Like Pope, Donald Trump is an Anglo-humanist and gentle Jacobite — as we see after adjusting our eyes. Nothing he presents or recommends is a novelty, not even the peace treaties, or the return to sanity and good manners, including non-violence. Had he not been previously enmired in commerce and politics, he, too, might have chosen a life of retirement; it is a tragedy to be known. Let us at least avoid fame and ostentation.

More particularly, we require an heroic effort not to be captured by “events.” No good can possibly come of it. Of course, one may choose to be martyred, in good time, when the chance arises; but to leap at the opportunity to achieve anything by death is to pursue hard relevance, to the end.

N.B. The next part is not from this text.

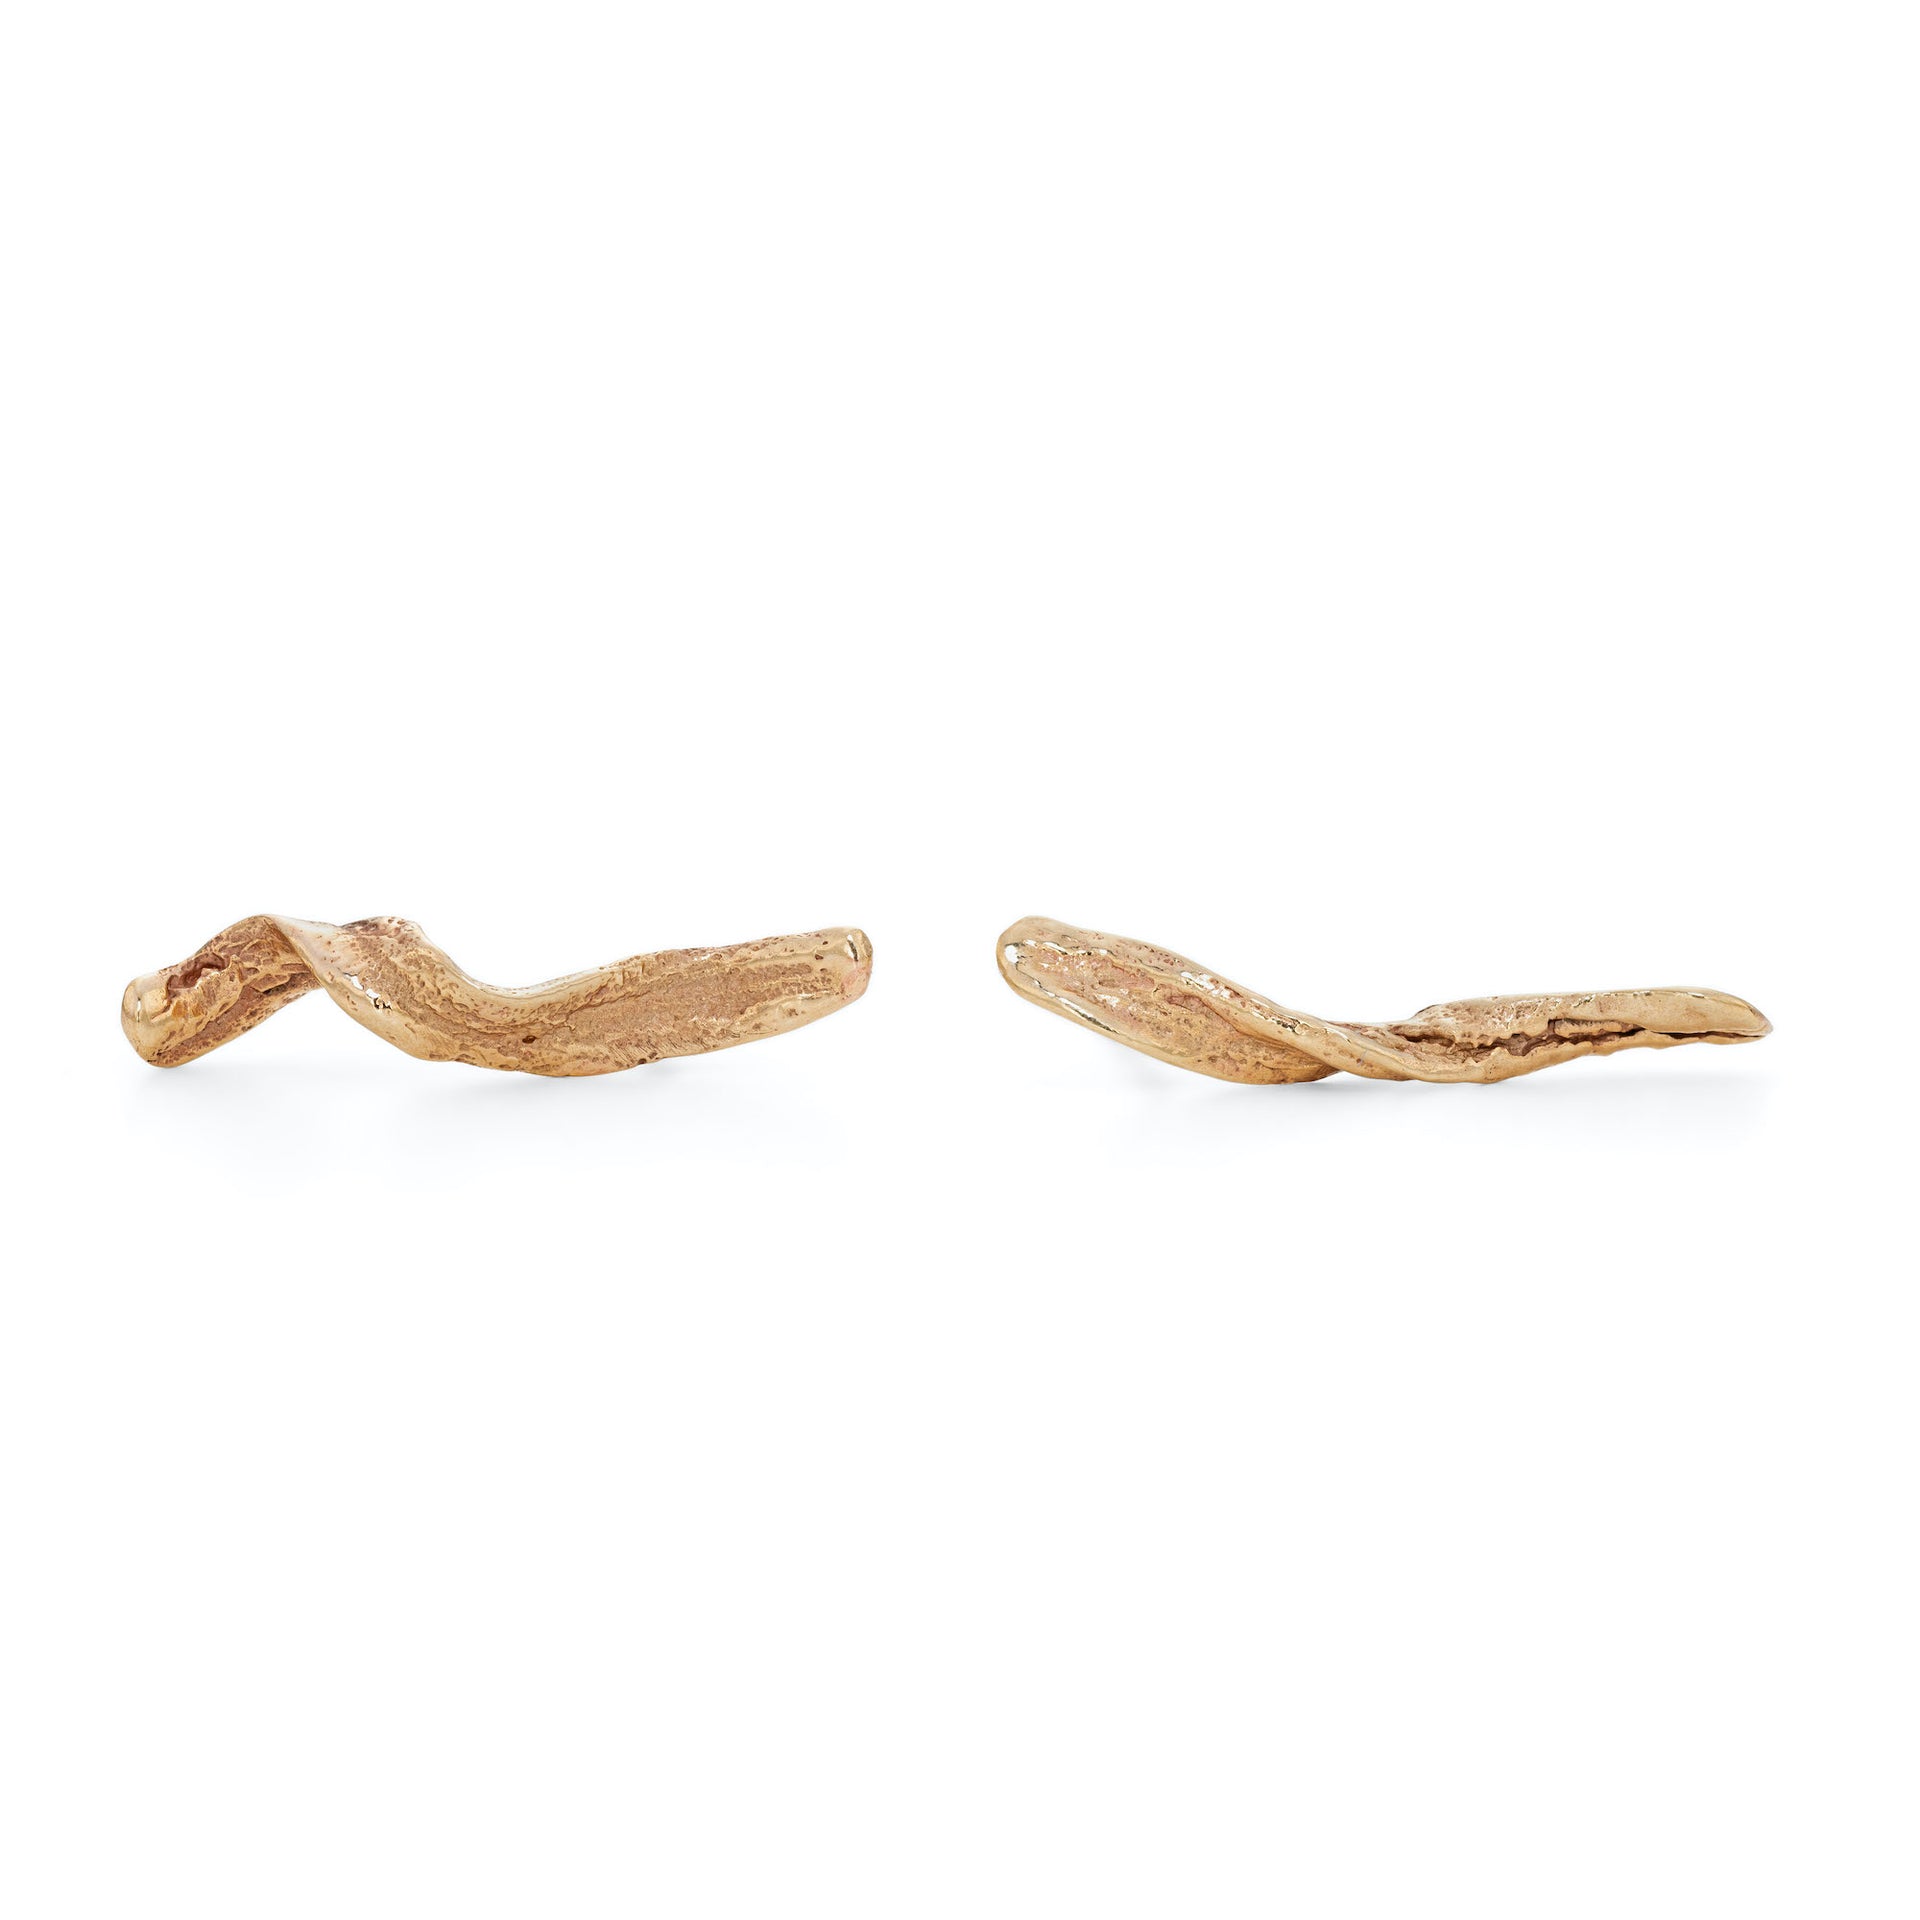 Contemporary 9ct Gold climber earrings, made by hand in Cornwall by Emily Nixon.
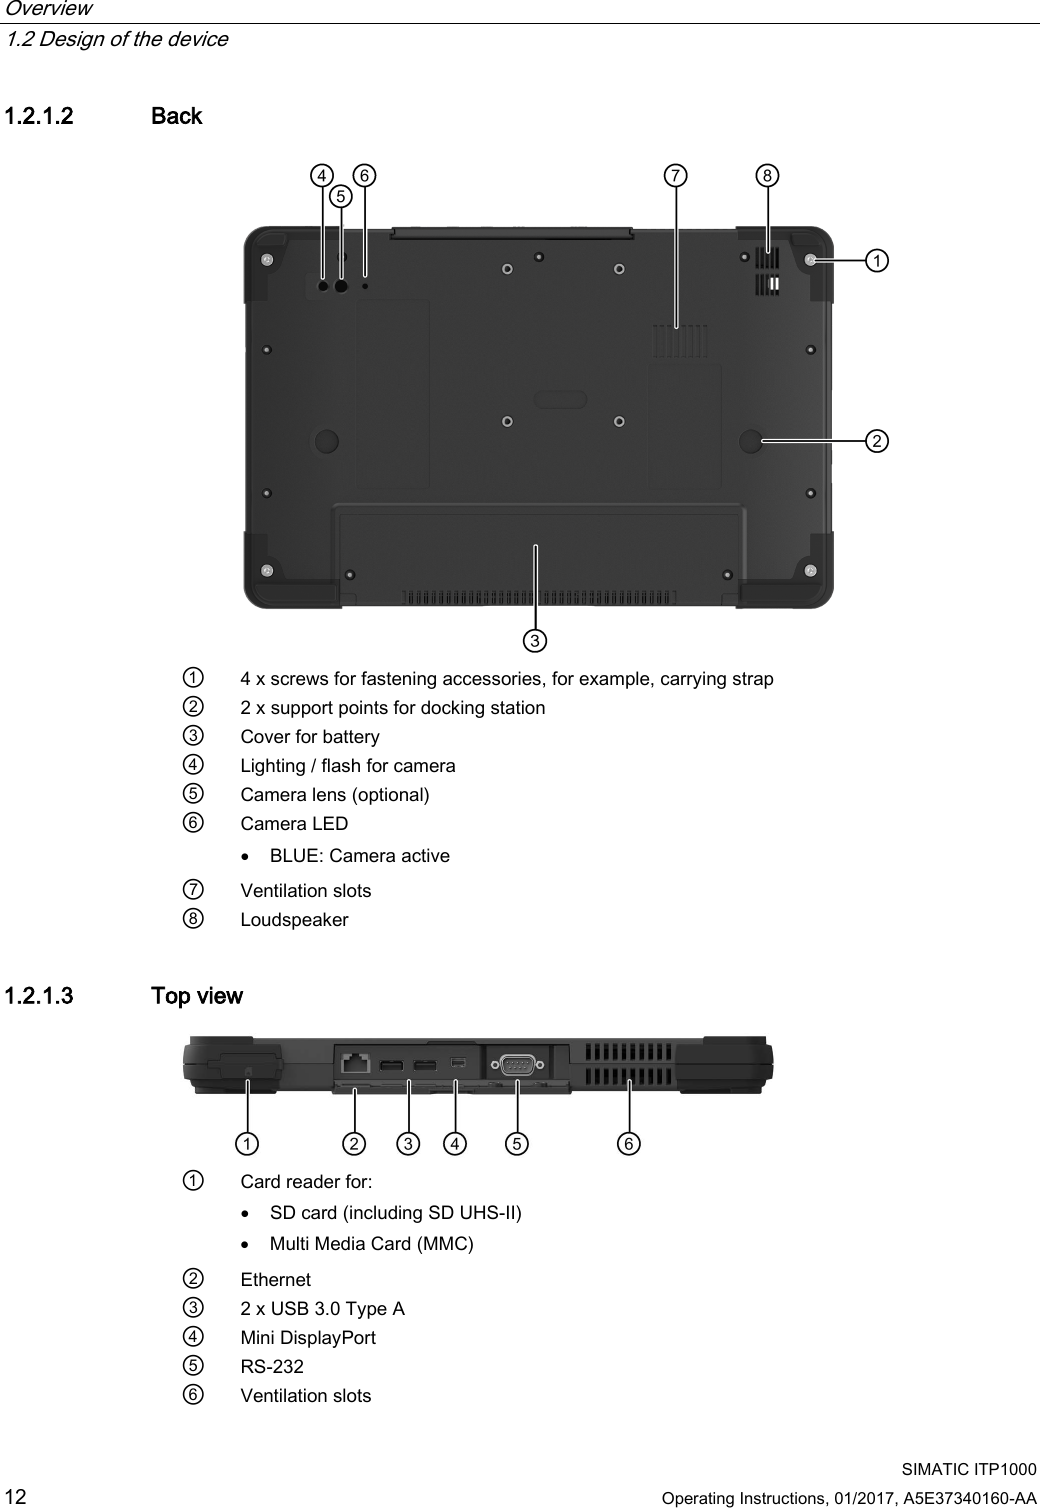 Overview   1.2 Design of the device   SIMATIC ITP1000 12  Operating Instructions, 01/2017, A5E37340160-AA  1.2.1.2 Back  ① 4 x screws for fastening accessories, for example, carrying strap ② 2 x support points for docking station ③ Cover for battery ④ Lighting / flash for camera ⑤ Camera lens (optional) ⑥ Camera LED • BLUE: Camera active ⑦ Ventilation slots ⑧ Loudspeaker 1.2.1.3 Top view  ① Card reader for: • SD card (including SD UHS-II) • Multi Media Card (MMC) ② Ethernet ③ 2 x USB 3.0 Type A ④ Mini DisplayPort ⑤ RS-232 ⑥ Ventilation slots

It is to be vulgarly topical, frankly.

Well, it could have been worse for Trump. He might easily have won a Nobel Prize. That would have been so utterly distasteful.

Mazel tov

Two years have now passed since the gratuitous slaughter of huge numbers of Jews, and many others, by psychotic Mussulmans from Gaza — who had to physically invade southern Israel because the Jews living in Gaza had already been evicted. It is argued, by our “liberal” Left, that many of these hateful people might not have been supporters of the slaughter, but in the pictures taken by Hamas photographers of the terrorists’ homecoming after they had committed these monstrous deeds, it is obvious that the whole population of Gaza was enthusiastically participating. (“Not every German was a Nazi,” the leftoids argue, but categorically, the Gazans had earned what was coming to them.) Now, thanks to imaginative interventions by Netanyahu and Trump, there is some prospect that the Palestinians can be neutralized, and that Hamas and Hezbollah will both be made extinct. Arabs at large, throughout the Middle East, have realized that Israel should be left alone. For the “Zionists” are able to defend themselves. Egypt, for instance, knows how foolish it would be to admit even a single “Palestinian refugee,” though it is hard to imagine where else he might go. (Perhaps “repatriate” him, to revolutionary Iran?)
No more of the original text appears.